The existing chip pickup method generally comprises the steps of firstly carrying out integral pre-scanning on a wafer, establishing a wafer coordinate system through the collected image after integral image collection, determining the specific position of the chip image obtained through scanning in the wafer coordinate system, and then traversing the whole chip array area from head to tail according to a given route by controlling a suction head to move along a Z shape for pickup one by one. However, the Z-shaped routing method needs to traverse all chips one by one in sequence, including passing and failing, and the existing Z-shaped routing method needs to set different routing paths for different types of wafers, so that direct and rapid indiscriminate calling cannot be achieved in the process of picking up chips with different types and different specifications, and preparation works such as resetting and initial position locating need to be performed on the suction head at the beginning of picking up, thereby reducing the chip picking efficiency.
Disclosure of Invention
The invention aims to solve the technical problems that: in the prior art, different types of chips with different specifications need to be customized to different pickup paths, and the pickup efficiency is low, and the invention provides an intelligent chip pickup method based on image processing to solve the problems.

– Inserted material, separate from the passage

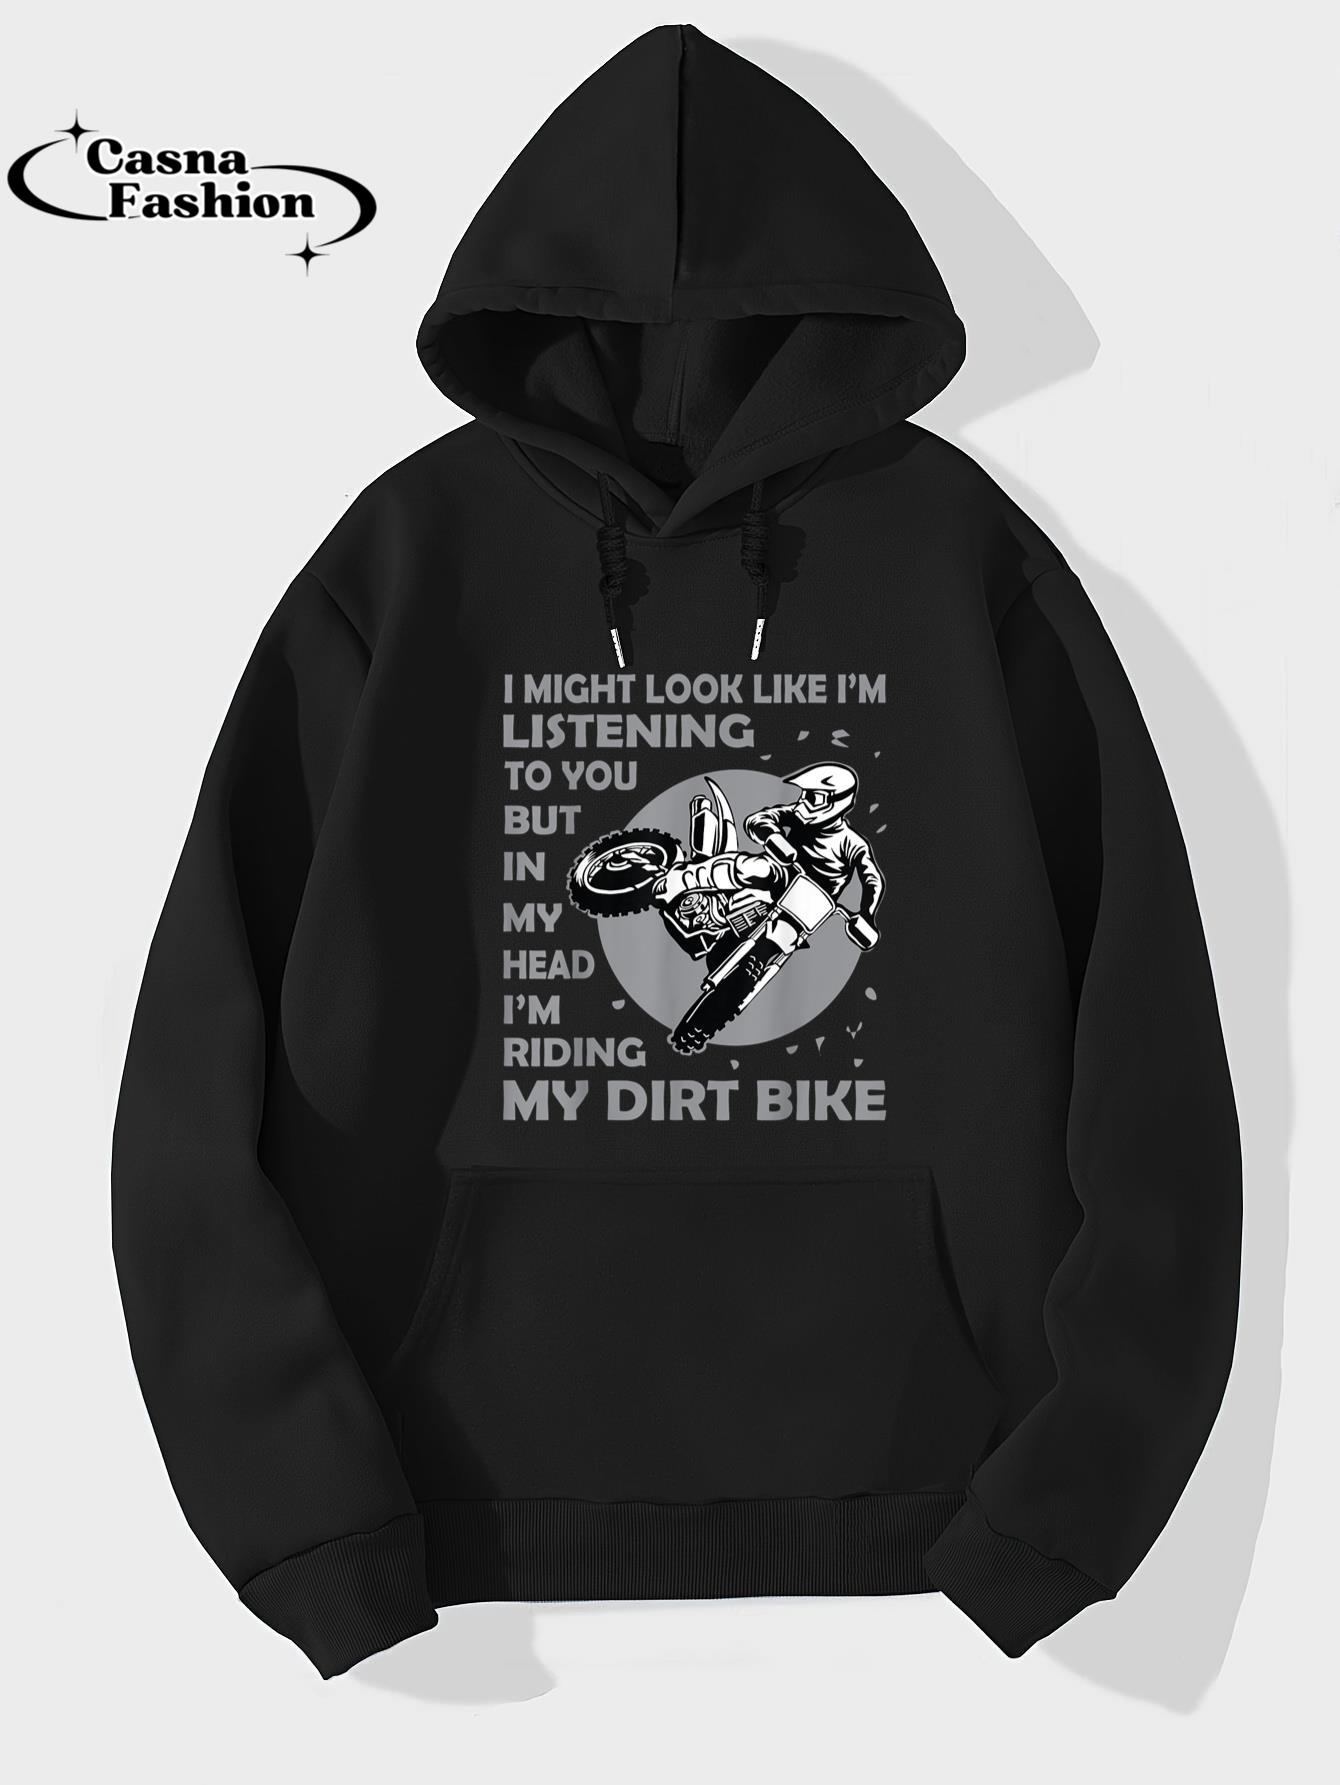 casnafashion_Hoodie_Best Dirt Bike Art For Men Women Dirtbike Motorcycle Riding T-Shirt_hoodie_black hoodie

The technical scheme adopted for solving the technical problems is as follows: an intelligent chip pickup method based on image processing, which obtains wafer image by camera shooting and obtains a plurality of chip position information on the wafer to control the suction head to pick up the corresponding chip, comprises the following steps of
S1, creating a selection list,
s2, controlling a camera to shoot the positioned wafer to obtain a chip image, obtaining chip images which cover three rows and three columns of array arrangement by the detection range of the camera, and adding the coordinates of each position of the chips which are arranged in a matrix in the detection range into a selection list respectively;
s3, selecting the position coordinates of the chip at the optimal position from the selection list through a preference rule, transmitting the position coordinates to a suction head, and completing the chip pickup at the position by the suction head;
s4, taking the pick-up position in the step S3 as a center by the camera to obtain a new chip image with array arrangement, and updating a selection list according to a plurality of pieces of chip position information obtained by the chip image with the new array arrangement;
s5, stopping picking up when the chipless position information in the selection list is updated;
the preferred rule is specifically:
firstly, ordering position coordinate information represented by chips arranged in an array in a detection range according to a priority order of a first row X, a second row Y and a third row Z;
and then the position coordinate information represented by the chips arranged in each row is ordered by taking the columns as priority, and the priority order is sequentially a second column B, a first column A and a third column C.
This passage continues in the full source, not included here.